Exercise inputs Start Marker
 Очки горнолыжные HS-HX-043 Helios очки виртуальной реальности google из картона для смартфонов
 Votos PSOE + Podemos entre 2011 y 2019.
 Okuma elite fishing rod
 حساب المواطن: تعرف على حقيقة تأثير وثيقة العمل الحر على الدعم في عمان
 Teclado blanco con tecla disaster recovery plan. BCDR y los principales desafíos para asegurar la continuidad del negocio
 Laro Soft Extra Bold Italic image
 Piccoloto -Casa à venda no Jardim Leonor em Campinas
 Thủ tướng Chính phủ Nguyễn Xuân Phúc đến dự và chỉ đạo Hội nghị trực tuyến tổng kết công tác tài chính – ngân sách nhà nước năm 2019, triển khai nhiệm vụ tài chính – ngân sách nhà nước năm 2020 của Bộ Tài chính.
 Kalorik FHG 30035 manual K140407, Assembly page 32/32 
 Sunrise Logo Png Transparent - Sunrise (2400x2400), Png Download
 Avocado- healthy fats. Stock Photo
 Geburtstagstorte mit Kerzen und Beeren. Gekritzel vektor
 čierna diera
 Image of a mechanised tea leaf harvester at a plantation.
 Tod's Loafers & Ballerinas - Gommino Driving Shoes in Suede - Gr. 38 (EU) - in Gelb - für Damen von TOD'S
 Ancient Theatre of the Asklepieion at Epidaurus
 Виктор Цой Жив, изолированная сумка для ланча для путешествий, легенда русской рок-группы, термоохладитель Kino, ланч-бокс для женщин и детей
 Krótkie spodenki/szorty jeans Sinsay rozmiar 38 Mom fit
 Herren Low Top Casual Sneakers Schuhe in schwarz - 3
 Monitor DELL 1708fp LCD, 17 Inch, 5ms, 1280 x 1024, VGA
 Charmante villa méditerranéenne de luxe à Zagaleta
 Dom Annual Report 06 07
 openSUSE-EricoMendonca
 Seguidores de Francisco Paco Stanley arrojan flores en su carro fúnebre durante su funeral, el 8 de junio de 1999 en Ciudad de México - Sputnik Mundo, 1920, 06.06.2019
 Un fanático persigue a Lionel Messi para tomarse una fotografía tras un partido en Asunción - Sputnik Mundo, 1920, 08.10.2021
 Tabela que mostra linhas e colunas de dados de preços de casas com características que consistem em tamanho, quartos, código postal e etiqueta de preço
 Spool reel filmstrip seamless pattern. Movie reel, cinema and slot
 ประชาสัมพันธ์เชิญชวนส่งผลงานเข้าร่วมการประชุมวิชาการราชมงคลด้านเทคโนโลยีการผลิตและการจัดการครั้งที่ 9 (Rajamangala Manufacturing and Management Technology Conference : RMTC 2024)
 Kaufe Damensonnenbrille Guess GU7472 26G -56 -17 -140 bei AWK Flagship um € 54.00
Exercise inputs End Marker
▶ Problem details:
Retype all of the records above, keeping them identical.

▶ Written answer:
 Очки горнолыжные HS-HX-043 Helios очки виртуальной реальности google из картона для смартфонов
 Votos PSOE + Podemos entre 2011 y 2019.
 Okuma elite fishing rod
 حساب المواطن: تعرف على حقيقة تأثير وثيقة العمل الحر على الدعم في عمان
 Teclado blanco con tecla disaster recovery plan. BCDR y los principales desafíos para asegurar la continuidad del negocio
 Laro Soft Extra Bold Italic image
 Piccoloto -Casa à venda no Jardim Leonor em Campinas
 Thủ tướng Chính phủ Nguyễn Xuân Phúc đến dự và chỉ đạo Hội nghị trực tuyến tổng kết công tác tài chính – ngân sách nhà nước năm 2019, triển khai nhiệm vụ tài chính – ngân sách nhà nước năm 2020 của Bộ Tài chính.
 Kalorik FHG 30035 manual K140407, Assembly page 32/32 
 Sunrise Logo Png Transparent - Sunrise (2400x2400), Png Download
 Avocado- healthy fats. Stock Photo
 Geburtstagstorte mit Kerzen und Beeren. Gekritzel vektor
 čierna diera
 Image of a mechanised tea leaf harvester at a plantation.
 Tod's Loafers & Ballerinas - Gommino Driving Shoes in Suede - Gr. 38 (EU) - in Gelb - für Damen von TOD'S
 Ancient Theatre of the Asklepieion at Epidaurus
 Виктор Цой Жив, изолированная сумка для ланча для путешествий, легенда русской рок-группы, термоохладитель Kino, ланч-бокс для женщин и детей
 Krótkie spodenki/szorty jeans Sinsay rozmiar 38 Mom fit
 Herren Low Top Casual Sneakers Schuhe in schwarz - 3
 Monitor DELL 1708fp LCD, 17 Inch, 5ms, 1280 x 1024, VGA
 Charmante villa méditerranéenne de luxe à Zagaleta
 Dom Annual Report 06 07
 openSUSE-EricoMendonca
 Seguidores de Francisco Paco Stanley arrojan flores en su carro fúnebre durante su funeral, el 8 de junio de 1999 en Ciudad de México - Sputnik Mundo, 1920, 06.06.2019
 Un fanático persigue a Lionel Messi para tomarse una fotografía tras un partido en Asunción - Sputnik Mundo, 1920, 08.10.2021
 Tabela que mostra linhas e colunas de dados de preços de casas com características que consistem em tamanho, quartos, código postal e etiqueta de preço
 Spool reel filmstrip seamless pattern. Movie reel, cinema and slot
 ประชาสัมพันธ์เชิญชวนส่งผลงานเข้าร่วมการประชุมวิชาการราชมงคลด้านเทคโนโลยีการผลิตและการจัดการครั้งที่ 9 (Rajamangala Manufacturing and Management Technology Conference : RMTC 2024)
 Kaufe Damensonnenbrille Guess GU7472 26G -56 -17 -140 bei AWK Flagship um € 54.00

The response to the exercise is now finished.